Naoko
Suspiro por cuarta vez mientras continúo viendo los autos pasar y cuento cada segundo que pasa.
Me encuentro en un callejón vació, en medio de la noche, totalmente sola sin ninguna compañía. Me sorprende no ver a ningún humano caminando por la zona, he visto a un par paseando sus perros, entrando a bares o directamente a sus hogares, pero no tantos para ser una calle bastante transitada por autos.
Aunque intente distraerme con otras cosas como ver los autos, contar las estrellas que el cielo nocturno me permite ver o preguntarme cuantos hilos tendrá el suéter que tengo puesto, no pude evitar que pensar en lo de ayer.

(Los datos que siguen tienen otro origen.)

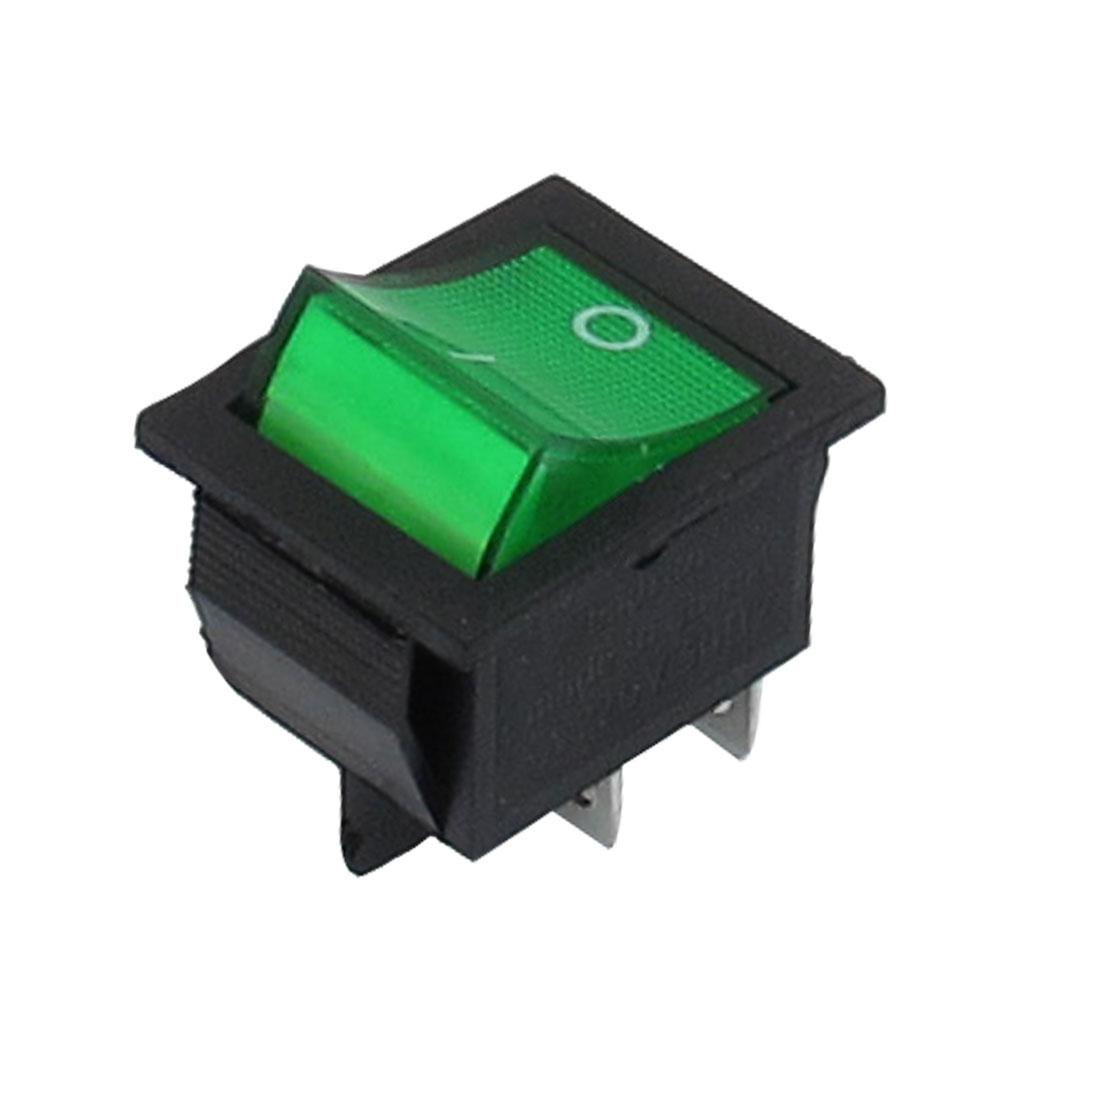 Green Illuminated Light On/Off DPST Boat Rocker Switch 5A 220V AC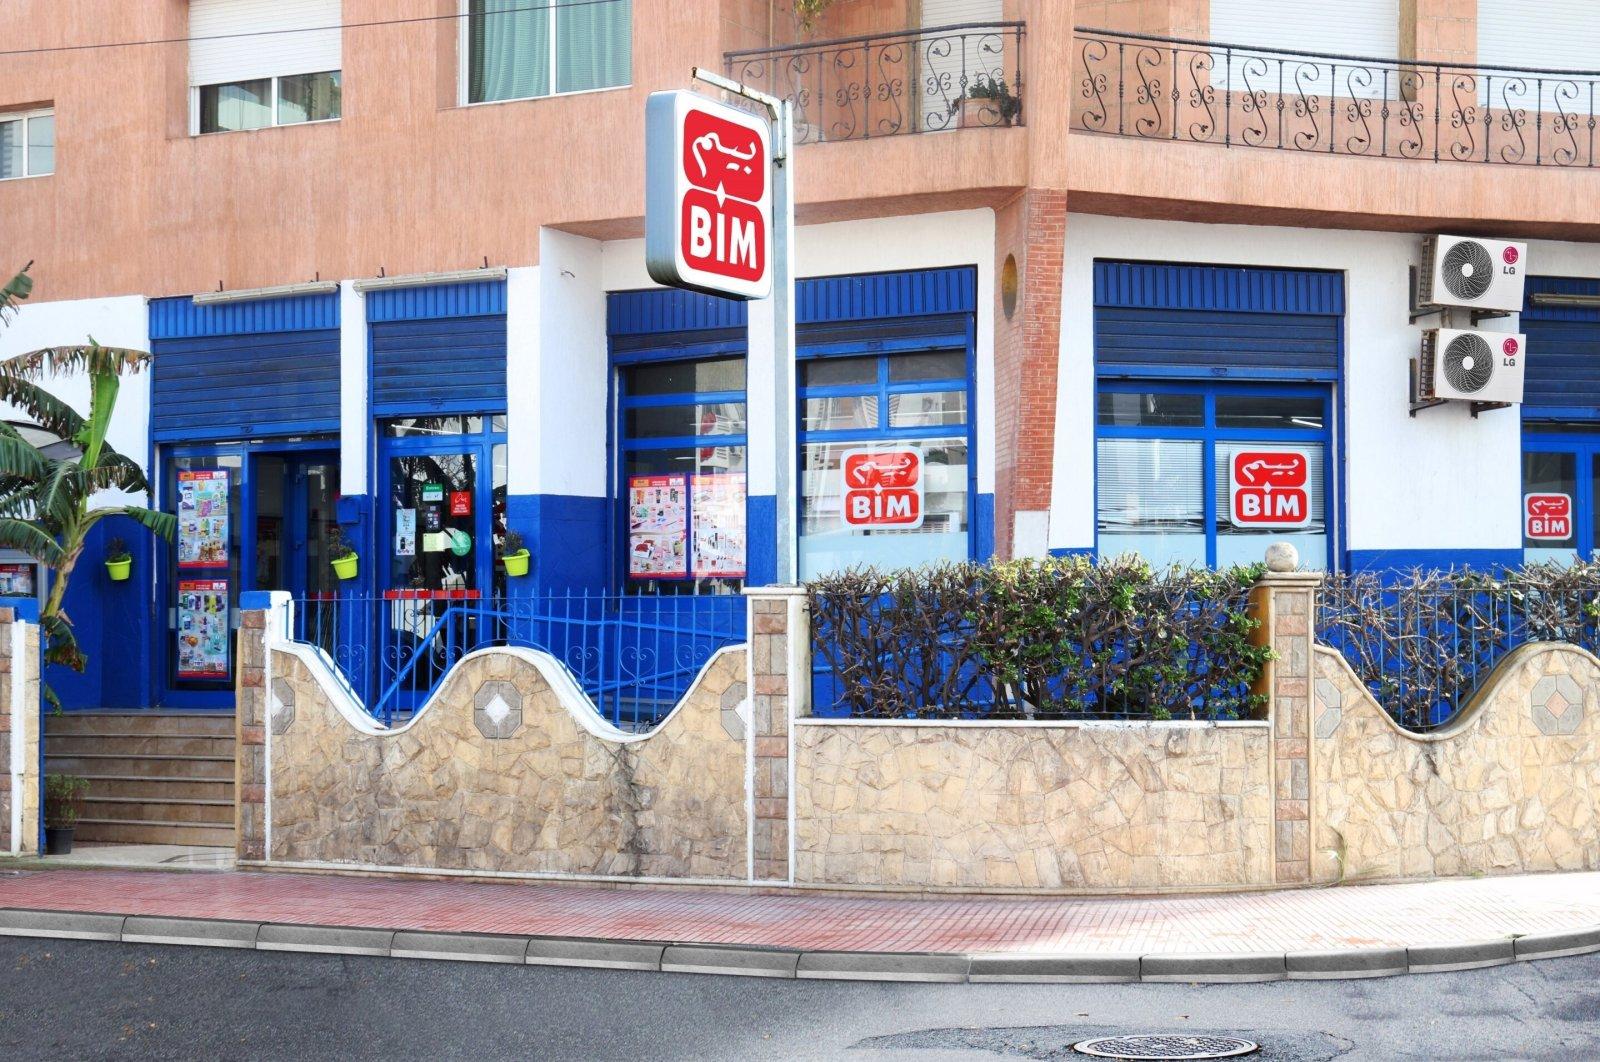 A BIM store is seen in Morocco, North Africa, Dec. 9, 2020. (Courtesy of BIM)

No me arrepiento de haberme declarado a Aki, sentí como saqué un gran peso de mi cuerpo y este se me lleno de un enorme alivio. Al fin y al cabo, me di cuenta que nunca hubiésemos podido ser nada y haber podido aclarar esto hará que mejore nuestra relación de compañeros y tal vez en un futuro de amigos. Tampoco me arrepiento haberlo callado antes de que sus labios soltaran esas palabras, ya sabía que iba a rechazarme, pero no quería escucharlo directamente de él.
Suspiro nuevamente, esta sería la quinta vez según mi contador mental. Iba a voltear nuevamente a ver los autos pasar, pero un ruido extraño me puso alerta. Proviene del fondo del callejón, escuchándose cada vez más y mucho más cerca. Finalmente, la luz lo alumbra y puedo ver que es un demonio lleno de ojos pegados entre sí por venas e intestinos.
Sorprendentemente me recordó a una uva.
Podía ver que era un demonio bastante débil así que cuando se acercó corriendo hacia mí, no me preocupe. Saqué mi cuchillo, que guardaba debajo de mi suéter, y me preparé para atacarlo.
Pero eso nunca llegó, ya que el demonio fue atravesado por el tentáculo de un pulpo antes de que lograra siquiera tocarme un pelo.
"¿Te encuentras bien linda?" dijo juguetonamente el peli negro.
Yoshida se acercó hacia mí y con una mano me tomo de la cintura mientras con la otra elevó mi mentón. Cerró sus ojos y acercó sus labios a los míos, pero antes de unirlos lo empuje, confundiéndolo un poco.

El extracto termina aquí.